::: RECORD EXCERPTS :::
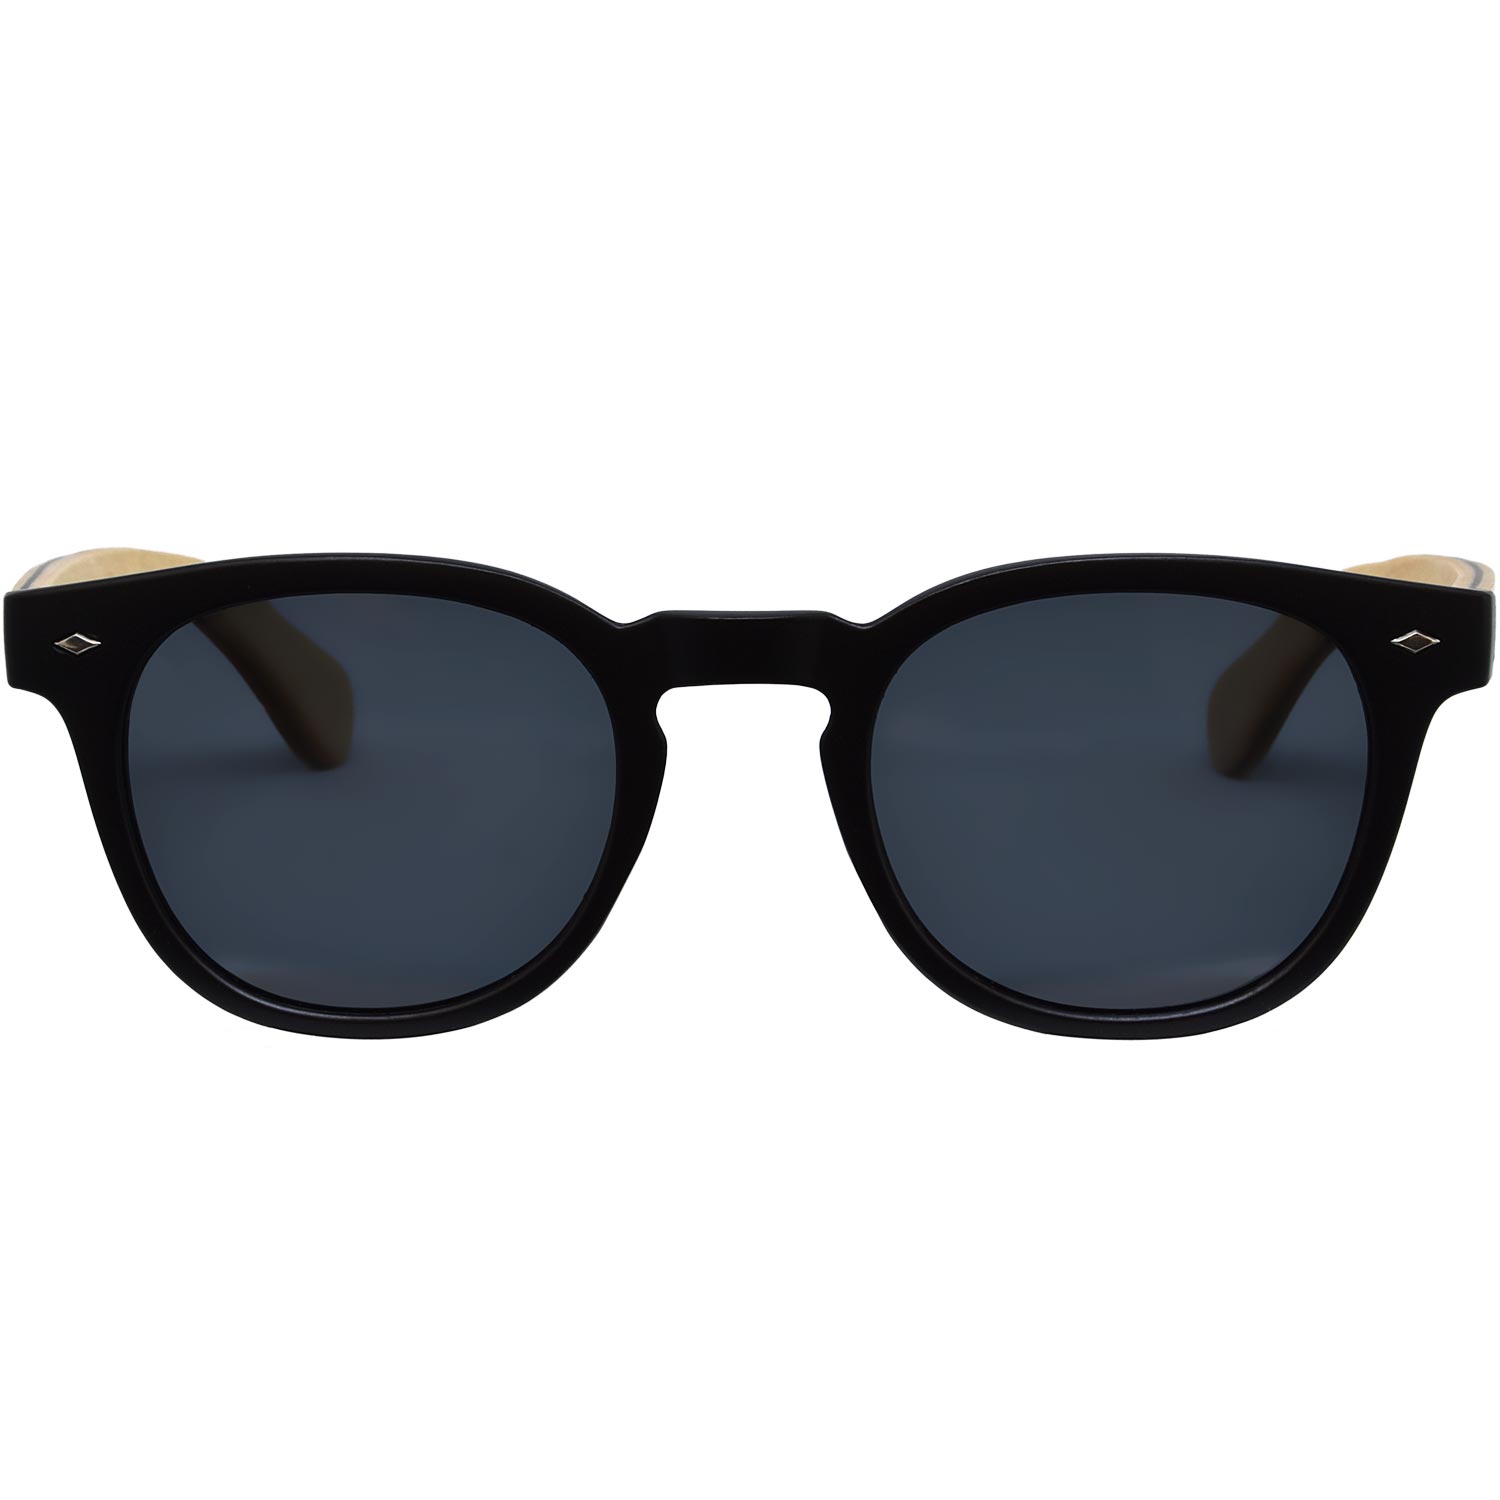 Round maple wood sunglasses black polarized lenses front
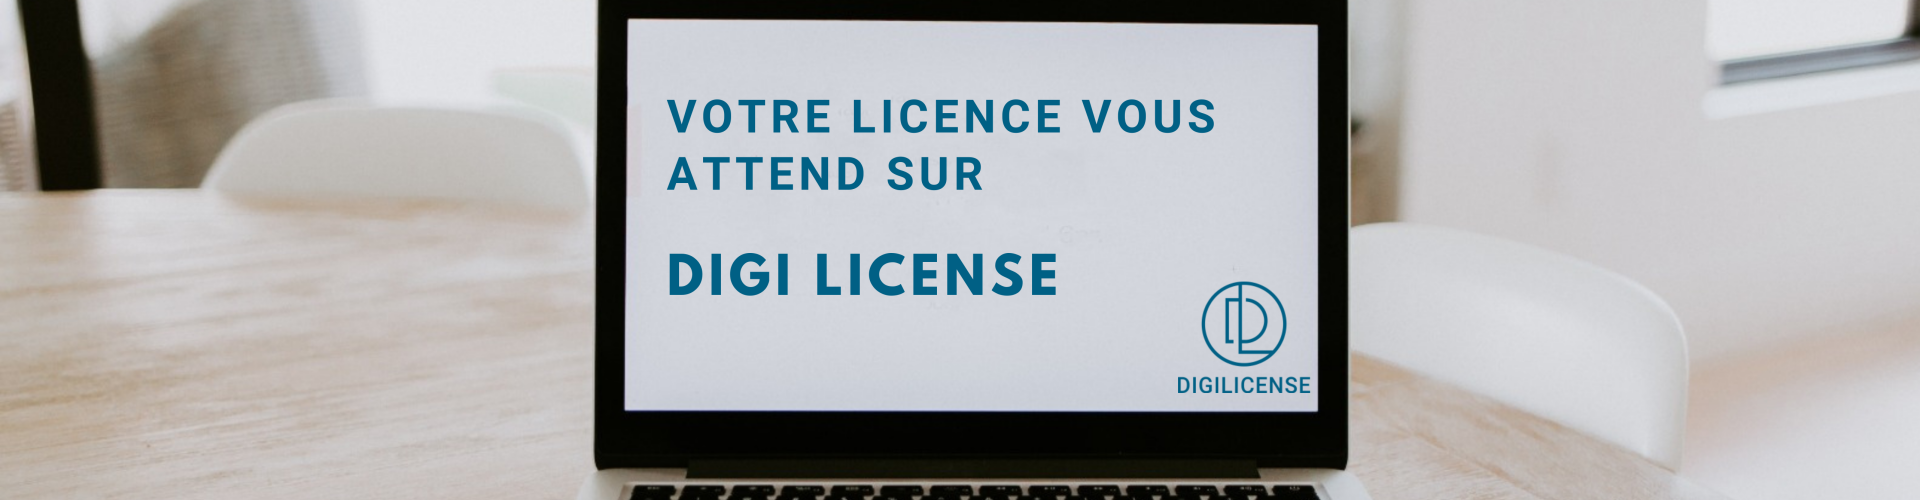 Bannière Digi License
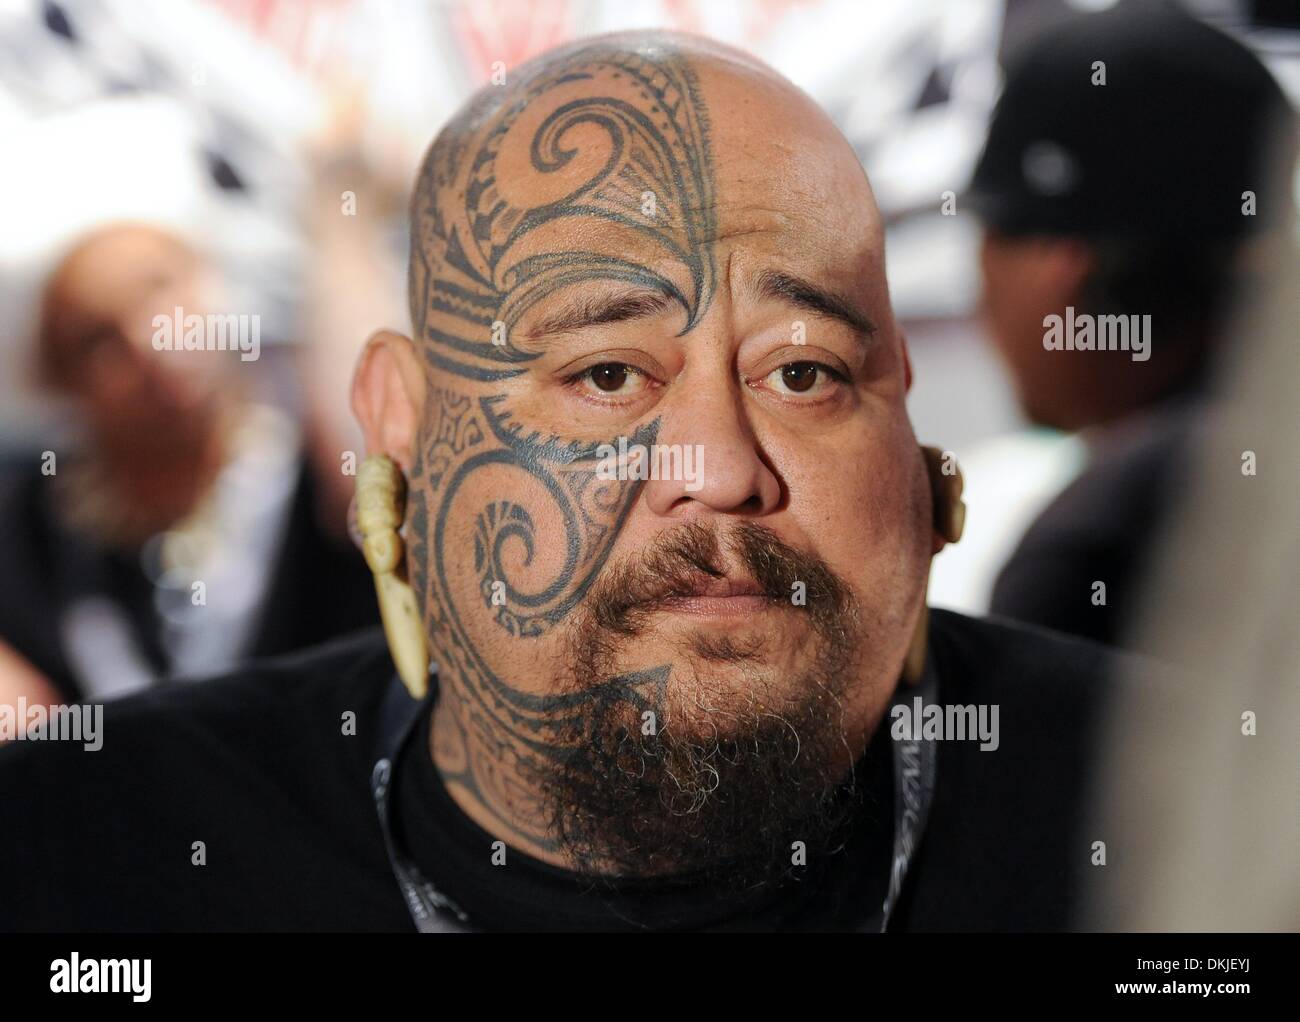 Vatea Tatau Tahiti de 'Mana', montre son tatouage tatouage national pendant la 3e Festival à Berlin, Allemagne, 06 décembre 2013. Le festival se poursuit jusqu'à ce 08 décembre 2013. Photo : BRITTA PEDERSEN Banque D'Images
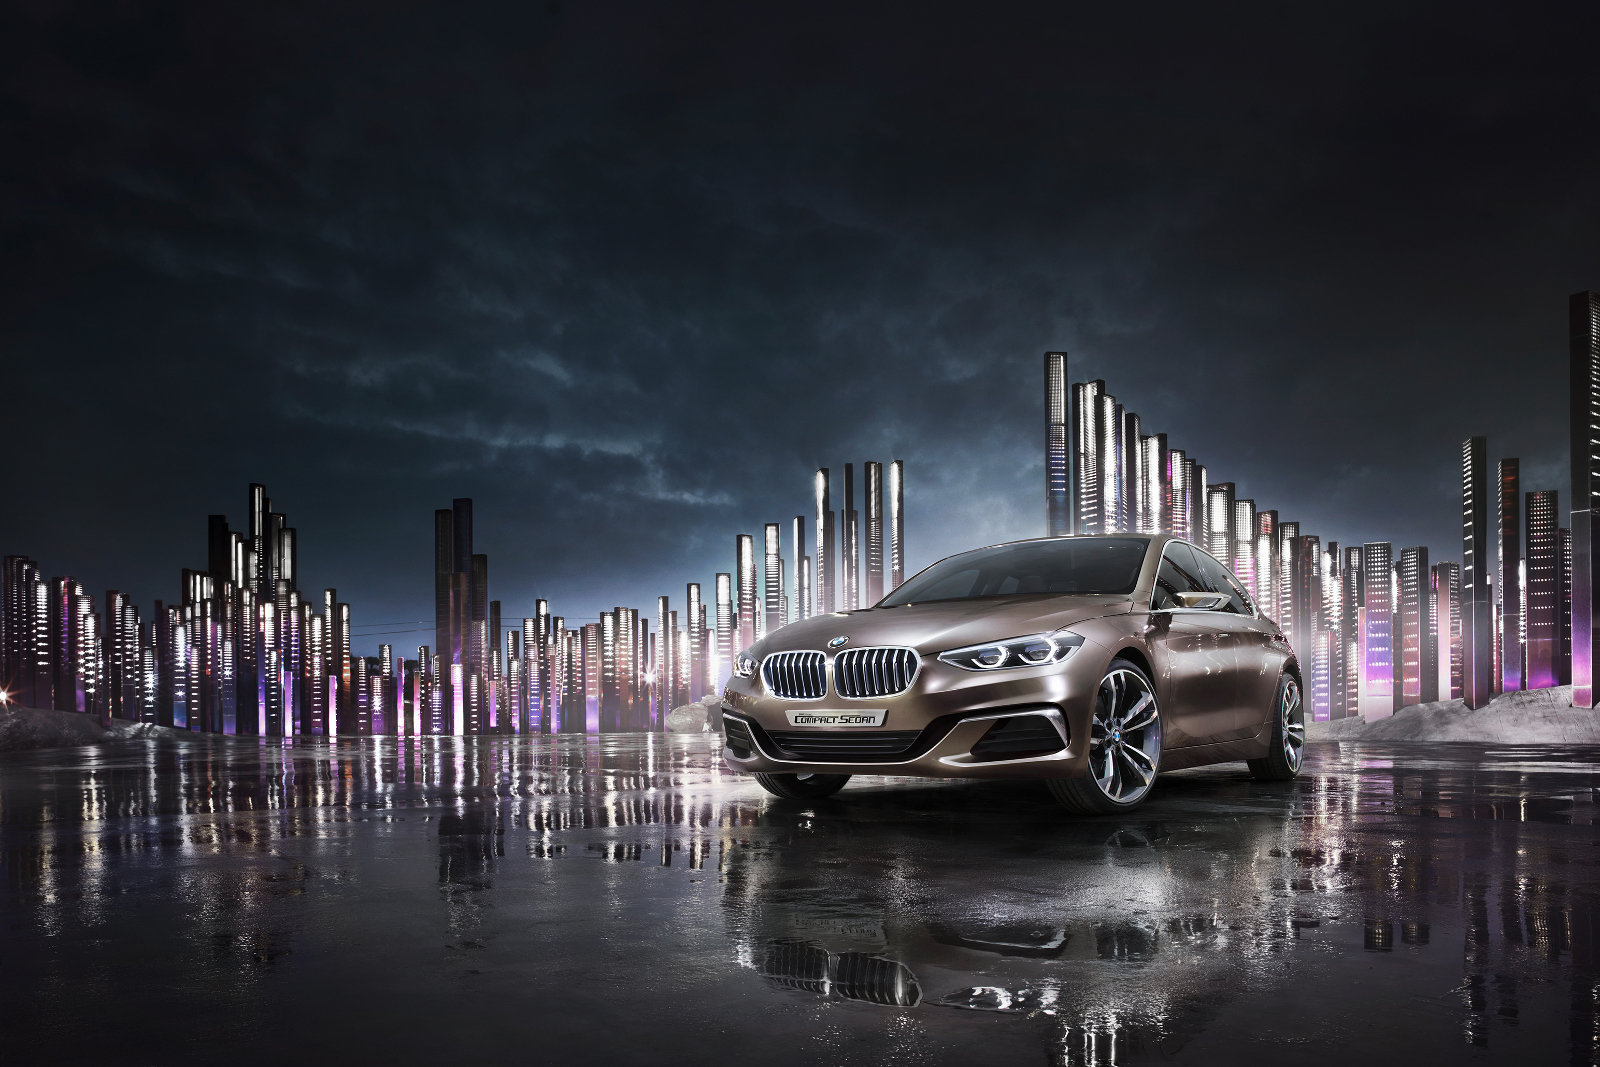 LED diody i v předních světlech, BMW Concept Compact Sedan.
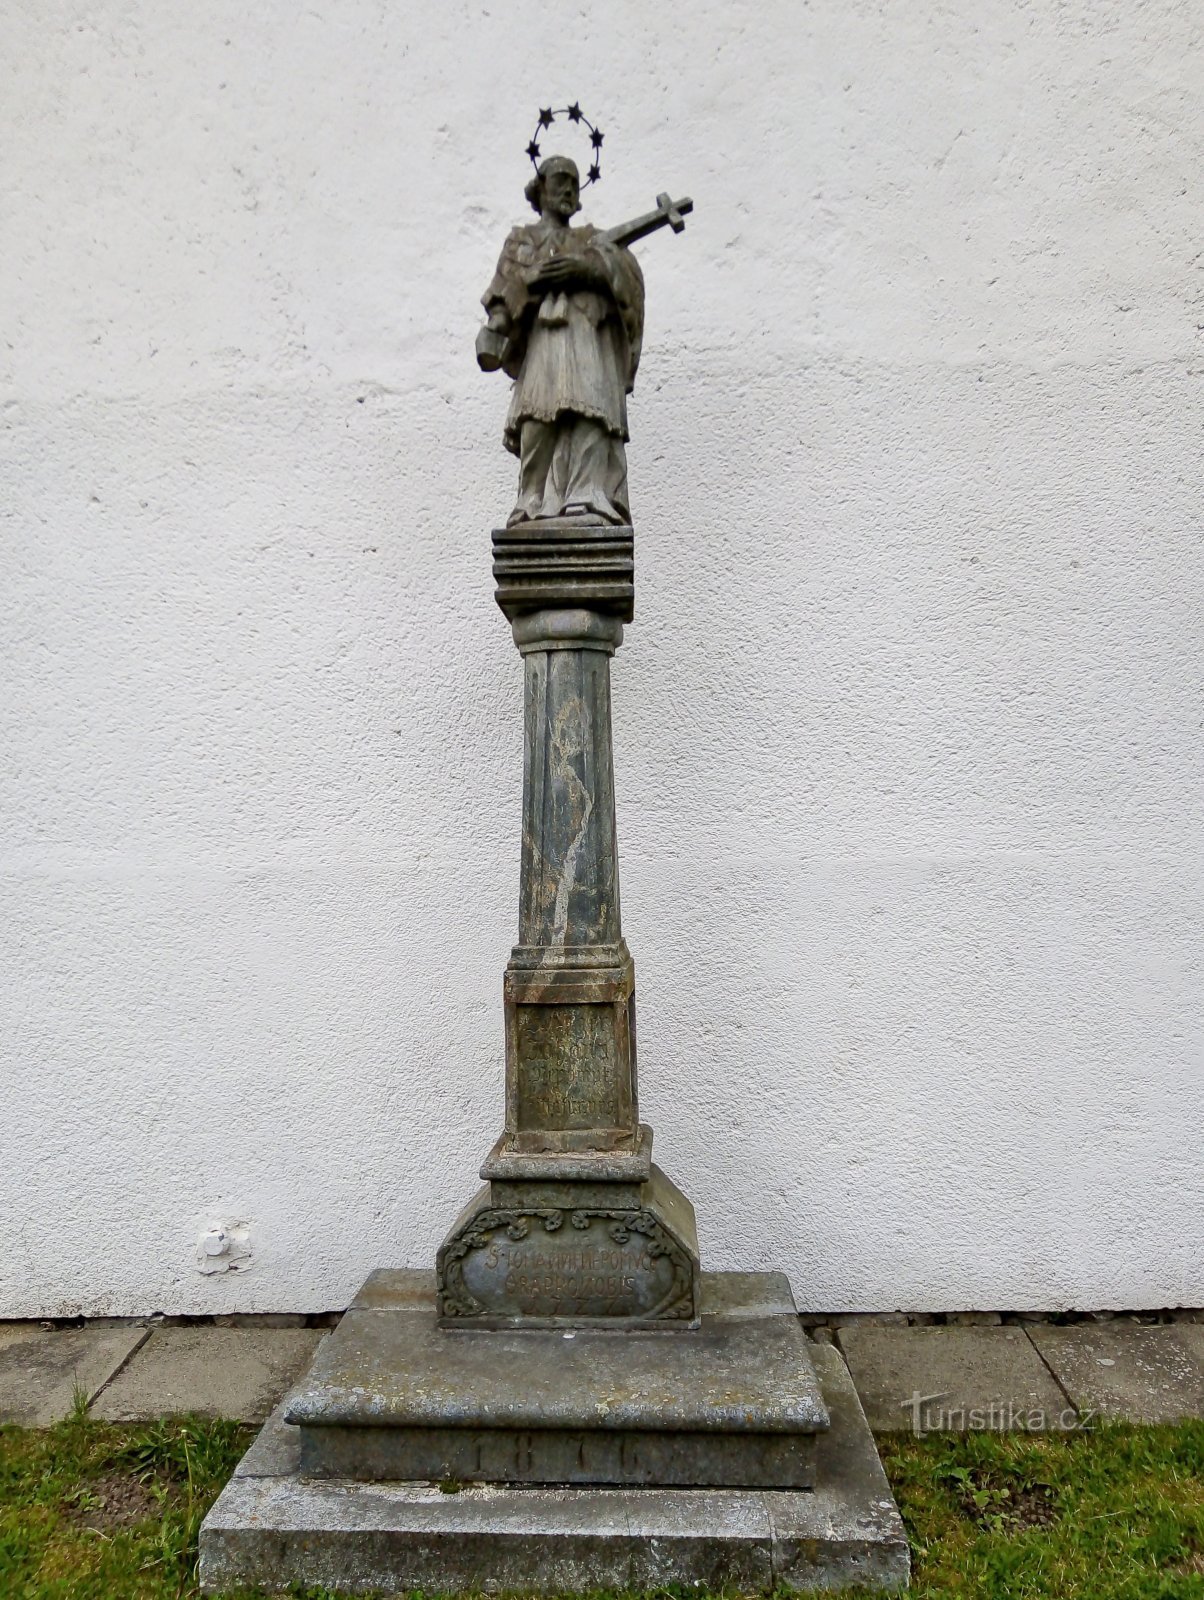 Верниржовице – статуя св. Ян Непомуцкий
:::
BRIEF
Print the entries above word for word, without pictures.

PROBLEM SOLUTION
 Round maple wood sunglasses black polarized lenses front
 Bannière Digi License
 Vatea Tatau Tahiti de 'Mana', montre son tatouage tatouage national pendant la 3e Festival à Berlin, Allemagne, 06 décembre 2013. Le festival se poursuit jusqu'à ce 08 décembre 2013. Photo : BRITTA PEDERSEN Banque D'Images
 LED diody i v předních světlech, BMW Concept Compact Sedan.
 Верниржовице – статуя св. Ян Непомуцкий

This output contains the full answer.